Module Tools Coverage
PPTX 3 Create (title/content/image/style), read slide structure, edit (text/notes/layout)
DOCX 3 Create (paragraph/table/image/list, preset styles for academic/business), read, find-and-replace
XLSX 4 Create workbook (multi-sheet), read, append write, insert chart
PDF 6 Generate (with CJK font cascade registration), read, merge, split, watermark, rasterize to PNG
IMAGE 5 Create canvas, read metadata, processing pipeline (resize/crop/filter/text/etc.), format conversion, multi-image compositing (grid/horizontal/vertical)
BLENDER 3 Python script execution, scene structure query, EEVEE/Cycles rendering
SVG 1 Text-description-based vector scene synthesis
CHART 2 Single chart + multi-subplot dashboard (bar/line/scatter/pie/area/hist/heatmap/radar/box/stem/step)
MATLAB 2 Expression evaluation, .m script execution (with GBK encoding compatibility)
FFMPEG 6 Media probe, transcode, time-range clip, frame screenshot, GIF generation, custom exec
GIMP 2 Script-Fu batch processing (gimp-console headless), Python-Fu scripting
INKSCAPE 2 Inkscape Actions command execution, SVG→PNG/PDF format conversion
FREECAD 2 FreeCADCmd script execution, parametric shape modeling with STEP export
GODOT 3 GDScript project execution, scene running (with timeout resilience), export to executable
UTILS 10 File read/write/copy/move/delete/list/open, shell execution, Python execution, system info

System Architecture

┌─────────────────────────────────────────────────────┐
│                VS Code Copilot Agent                │
│             (LLM ↔ Tool Dispatcher)                 │
└──────────┬──────────────────────────┬───────────────┘
           │ stdio                    │ stdio / HTTP
           ▼                          ▼
┌─────────────────────┐  ┌──────────────────────────┐
│    omni-mcp         │  │   External MCP Services  │
│  (omni_mcp.py)      │  │  ┌─────────────────────┐ │
│                     │  │  │ playwright (npx)    │ │
│  54 tools across    │  │  ├─────────────────────┤ │
│  15 modules         │  │  │ github (HTTP API)   │ │
│                     │  │  ├─────────────────────┤ │
│  Office / Image /   │  │  │ blender-mcp (uvx)   │ │
│  Media / CAD /      │  │  ├─────────────────────┤ │
│  Chart / Utils      │  │  │ freecad-mcp (uvx)   │ │
│                     │  │  ├─────────────────────┤ │
│                     │  │  │ godot-mcp (npx)     │ │
│                     │  │  ├─────────────────────┤ │
│                     │  │  │ matlab (Go binary)  │ │
│                     │  │  └─────────────────────┘ │
└─────────────────────┘  └──────────────────────────┘
           │                          │
           ▼                          ▼
┌─────────────────────────────────────────────────────┐
│              Local Executables & Runtimes           │
│  Blender · MATLAB · FFmpeg · GIMP · Inkscape ·      │
│  FreeCAD · Godot · Python · Node.js                 │
└─────────────────────────────────────────────────────┘

Dispatch flow: Agent receives user intent → selects tool(s) → invokes corresponding MCP service via stdio/HTTP → service delegates to local executable → returns JSON result or generated artifact.


Detailed Setup Guide

3.1 Environment Preparation

Python Dependencies

pip install mcp python-pptx python-docx openpyxl pymupdf Pillow matplotlib numpy reportlab

External Software

The table below lists the version combinations that have been fully validated.
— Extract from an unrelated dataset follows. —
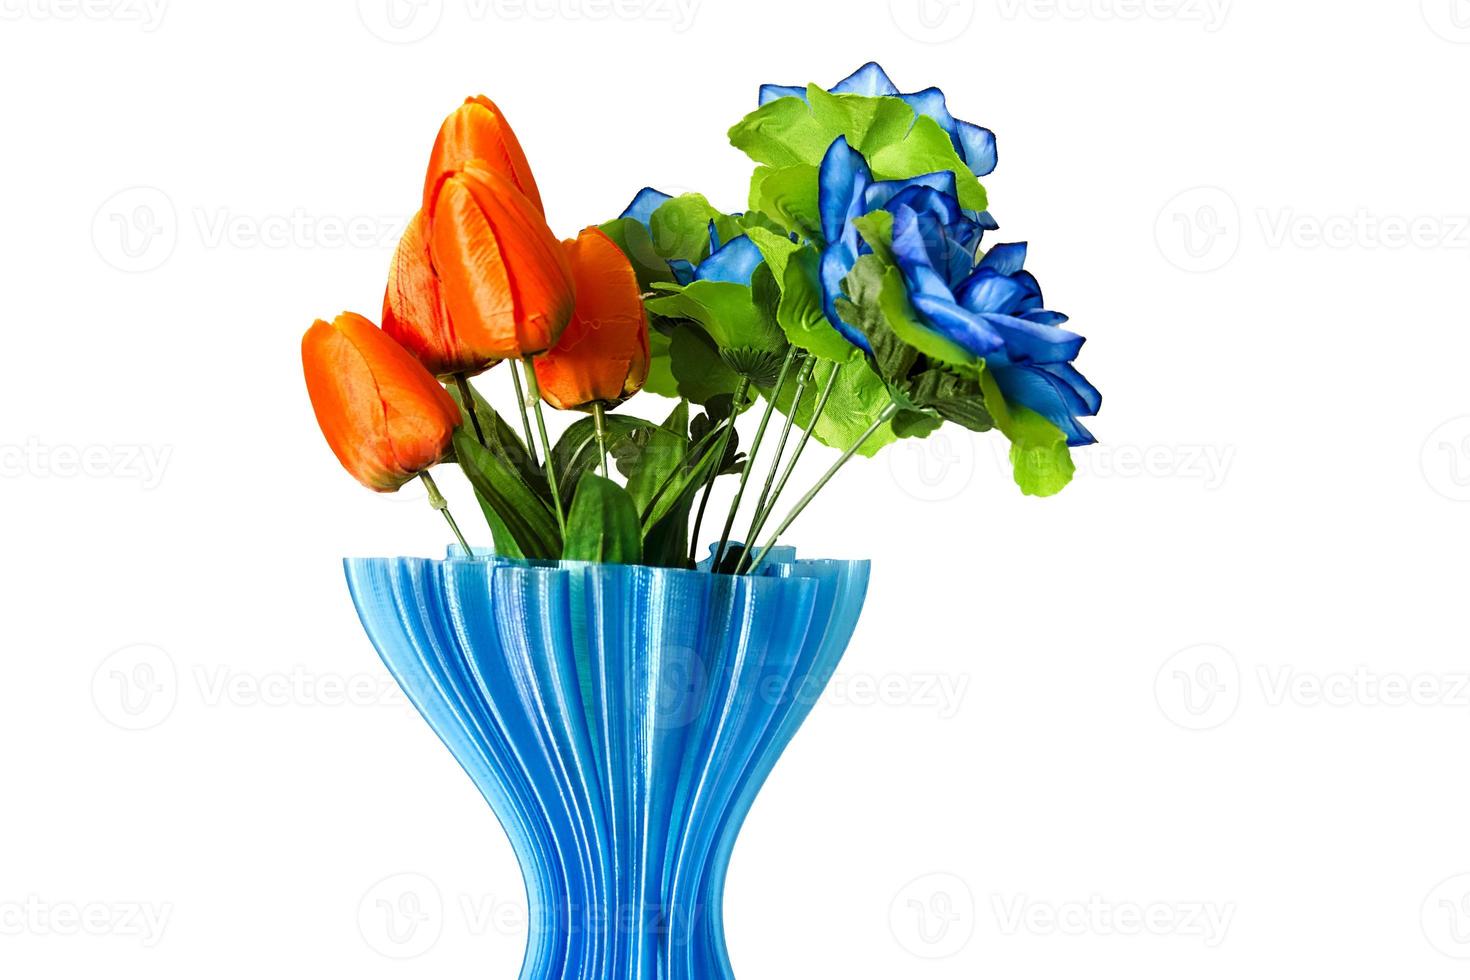 un mazzo di tulipani in un vasetto azzurro foto

Not all are required — modules for uninstalled software will return clear "not found" diagnostics at call time.

Software Tested Version Purpose Installation
Blender 4.x 3D scene scripting + rendering blender.org
MATLAB R2024b+ Scientific computing, signal processing, plotting MathWorks official installer
FFmpeg 7.x Video transcoding, clipping, GIF winget install FFmpeg or manual download
GIMP 3.0.8 Image batch processing gimp.org (must include gimp-console)
Inkscape 1.4.2 SVG editing + format conversion inkscape.org
FreeCAD 1.0+ Parametric CAD modeling freecad.org
Godot 4.6.1 Game project execution + export godotengine.org
Node.js 18+ Runs npx-launched external MCPs nodejs.org
uv 0.4+ Runs uvx-launched external MCPs pip install uv or winget install astral-sh.uv

Package Manager Prerequisites

External MCP services are launched via npx (Node.js) or uvx (uv). Verify availability first:

# Check Node.js / npm / npx
node -v          # Expected: v18.x or higher
npx --version    # Expected: 10.x or higher

# Check uv / uvx
uv --version     # Expected: 0.4.x or higher
uvx --version    # Expected: same (uvx is a uv subcommand)

If npx is unavailable, install Node.js first. If uvx is unavailable, install uv first.

3.2 omni-mcp Executable Path Configuration

Open omni_mcp.py. The CONFIG section at the top declares path constants for each external executable. The server uses a _find() function to auto-search common installation directories at startup, but manual verification is recommended:

# ========== CONFIG ==========
BLENDER  = r"D:\Blender\blender.exe"
MATLAB   = _find(r"C:\Program Files\MATLAB\*\bin\matlab.exe",
                 r"D:\MATLAB\*\bin\matlab.exe") or "matlab"
FFMPEG   = _find(r"C:\Users\*\...\*ffmpeg*\ffmpeg*.exe") or "ffmpeg"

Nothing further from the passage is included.